There are many approaches to explainability in AI systems - and we're not going to dive deep into the technical details. However, let's look at the principles of explainable artificial intelligence and its general framework.

Principles of XAI

The National Institute of Standards (NIST), part of the U.S. Department of Commerce, defines four principles of explainable artificial intelligence:

Explanation: Systems deliver accompanying evidence or reason(s) for all outputs. 

Meaningful
: Systems provide explanations that are understandable to individual users. 

Explanation
Accuracy: The explanation correctly reflects the system's process for generating the output. 

Knowledge
Limits: The system only operates under conditions for which it was designed or when the system reaches sufficient confidence in its output.

[The above excerpt comes from Draft NISTIR 8312, Four Principles of Explainable Artificial Intelligence]

This means that explainable artificial intelligence should:

  • inform recipients of why a given conclusion was reached: e.g. why the system believes that a patient has pneumonia,
  • provide an explanation that is understandable for the end user, adjusting the level of detail to the target recipient,
  • the system can identify cases it was not designed or approved to operate or when it can't provide a reliable answer.

Explanation categories

The same paper identifies different categories of explanations:

  • user benefit - showing the user why a given decision was made,
  • societal acceptance - with a goal to increase public trust and acceptance,
  • regulatory and compliance - to provide compliance with the legislature, safety standards, etc.,
  • system development - aiming to facilitate further development, debugging, improving, and maintaining the system,
  • owner benefit - bringing value to the operator, e.g., increasing revenue through a boost in customer satisfaction levels.

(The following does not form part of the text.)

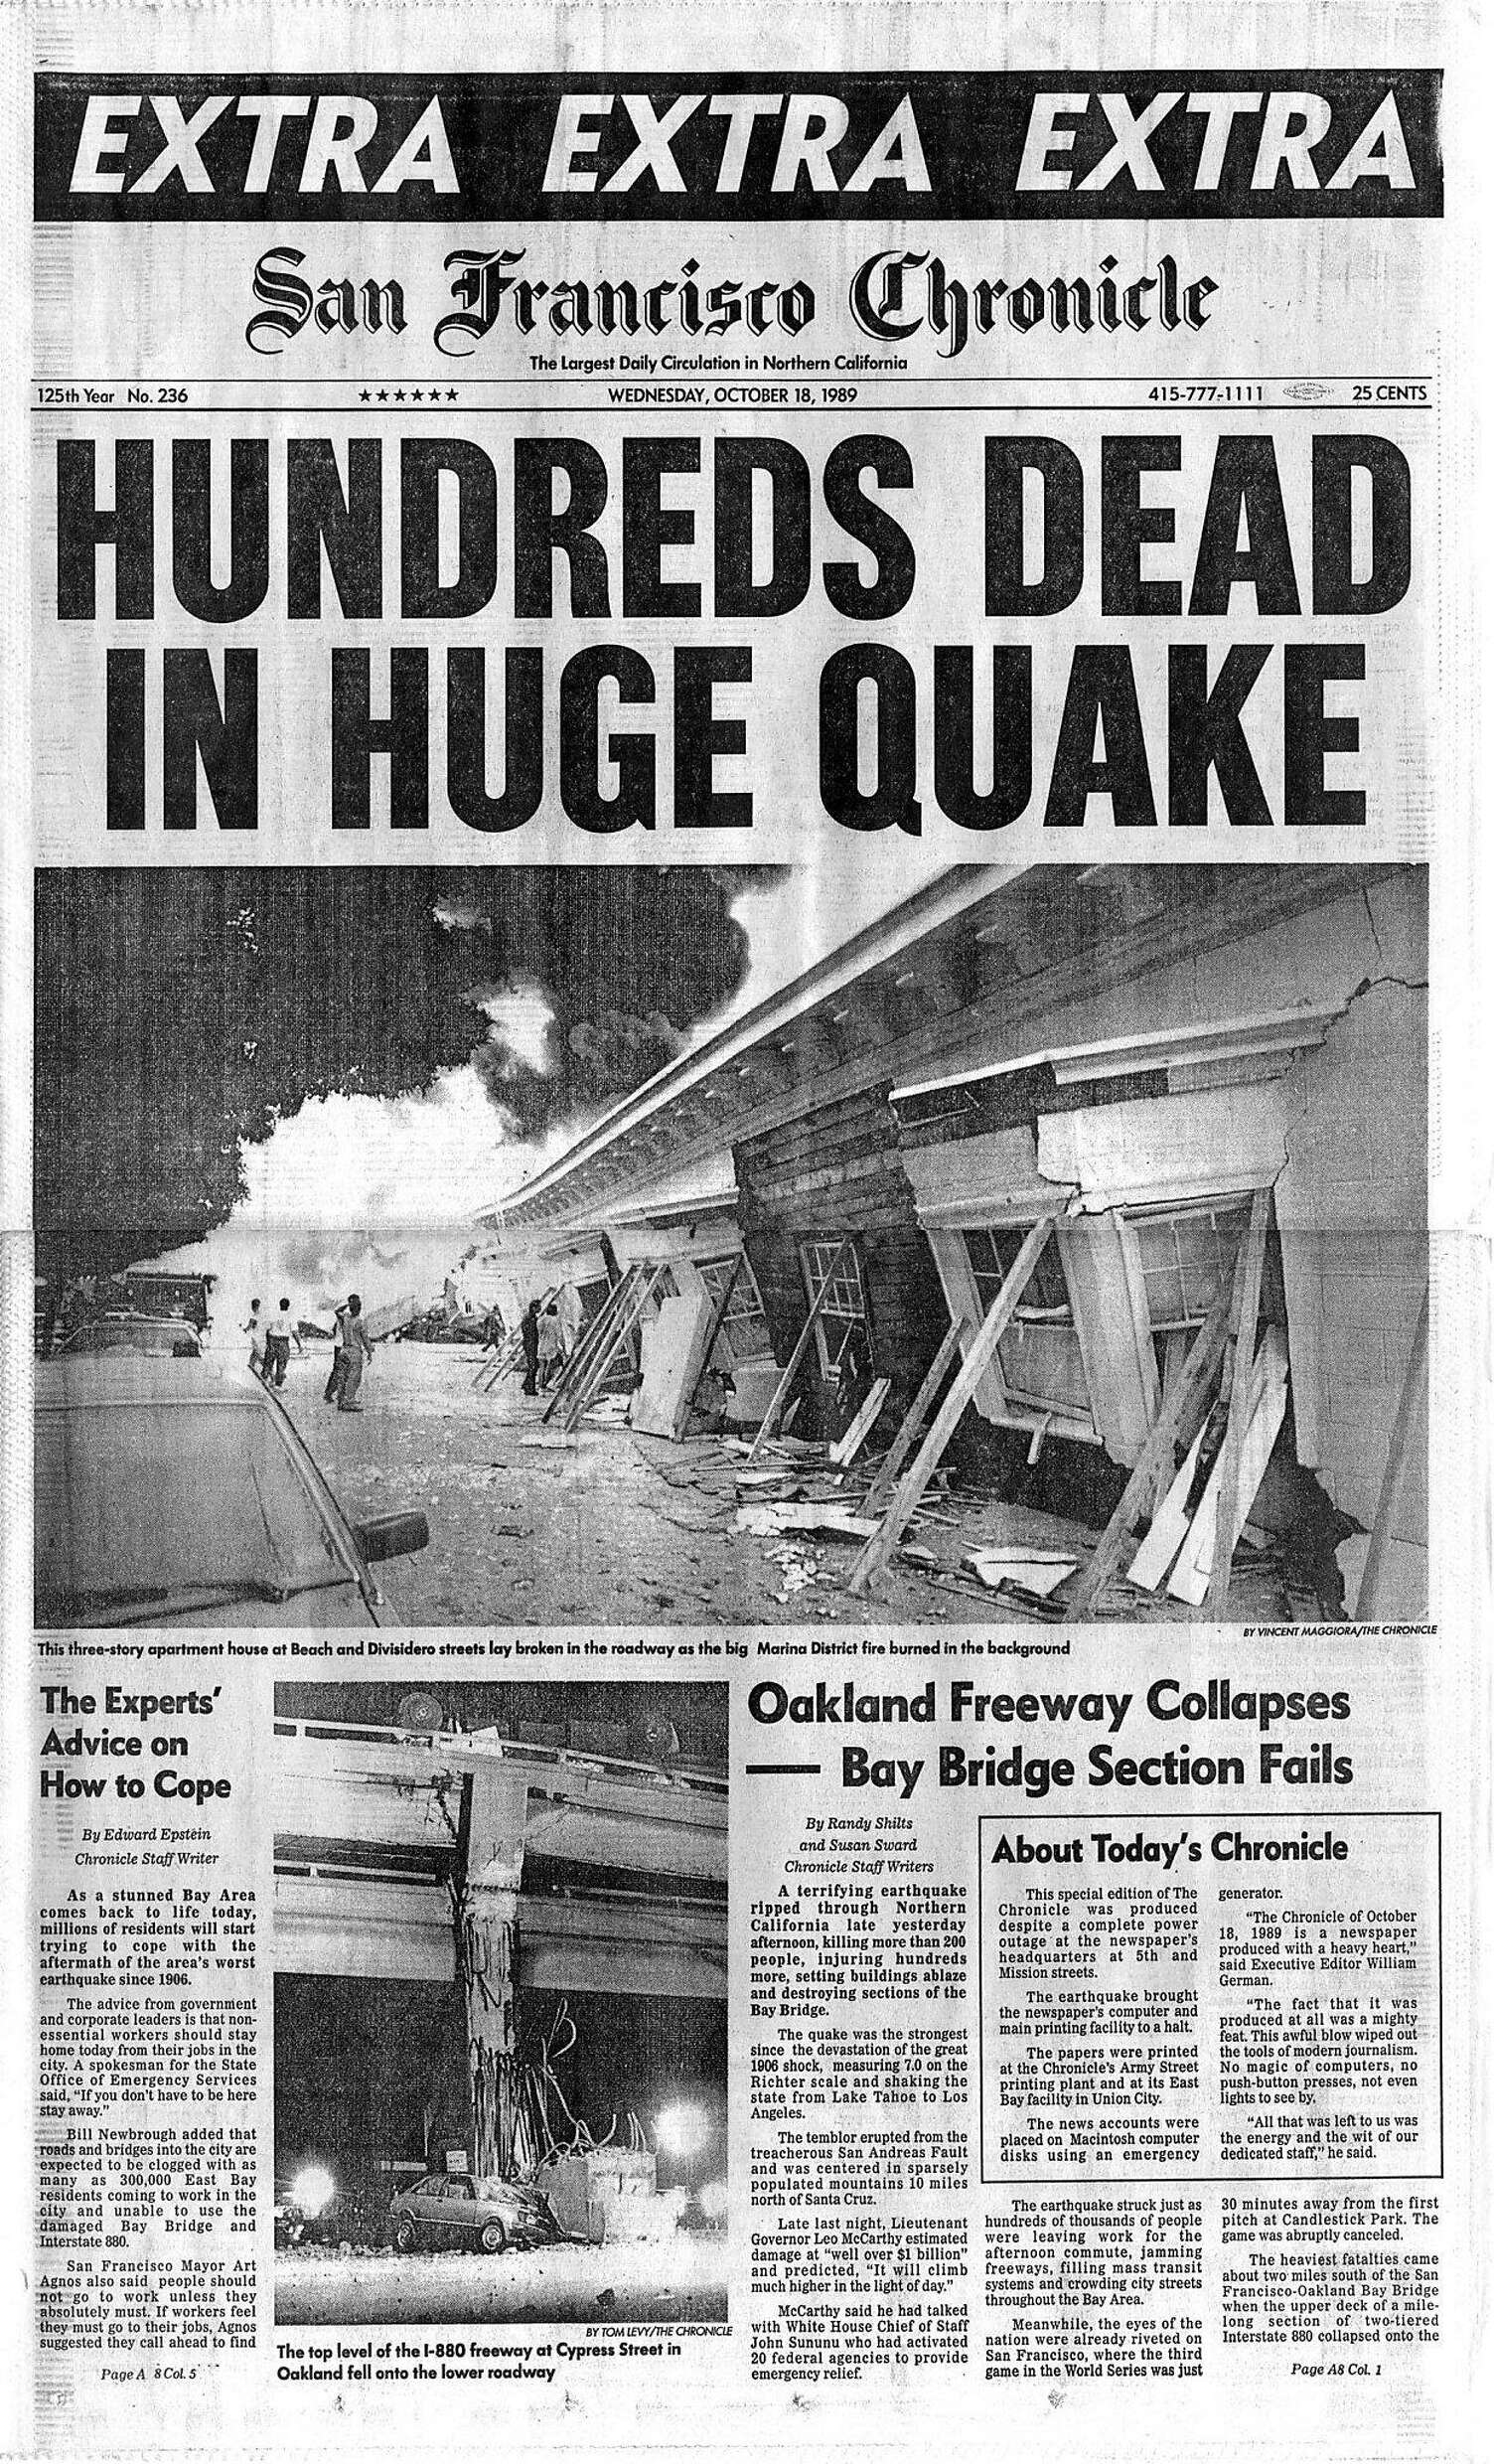 Chronicle Covers: When the Loma Prieta quake transformed the Bay Area

Looking at how explainable AI works, we can divide it into three groups:

  • Explainable data: What kind of data was used to train a model? Why was the information chosen? How was justice judged? Was bias eliminated in any way?
  • Explainable predictions: What aspects of a model were turned on or utilized to produce a specific result?
  • Explainable algorithms: What are the various model layers, and how do they result in the output or prediction?

Summary

Leaders in academia, business, and government have been researching the topic of XAI, exploring various explainability techniques and creating algorithms that may solve this challenge. Explainability has been cited as a prerequisite for AI clinical decision support systems in the healthcare area, for example, because the capacity to decipher system outputs enables shared decision-making between medical professionals and patients and offers much-needed system transparency. Financial analysts are given the knowledge they need to audit high-risk judgments by providing explanations of AI systems in order to satisfy regulatory standards.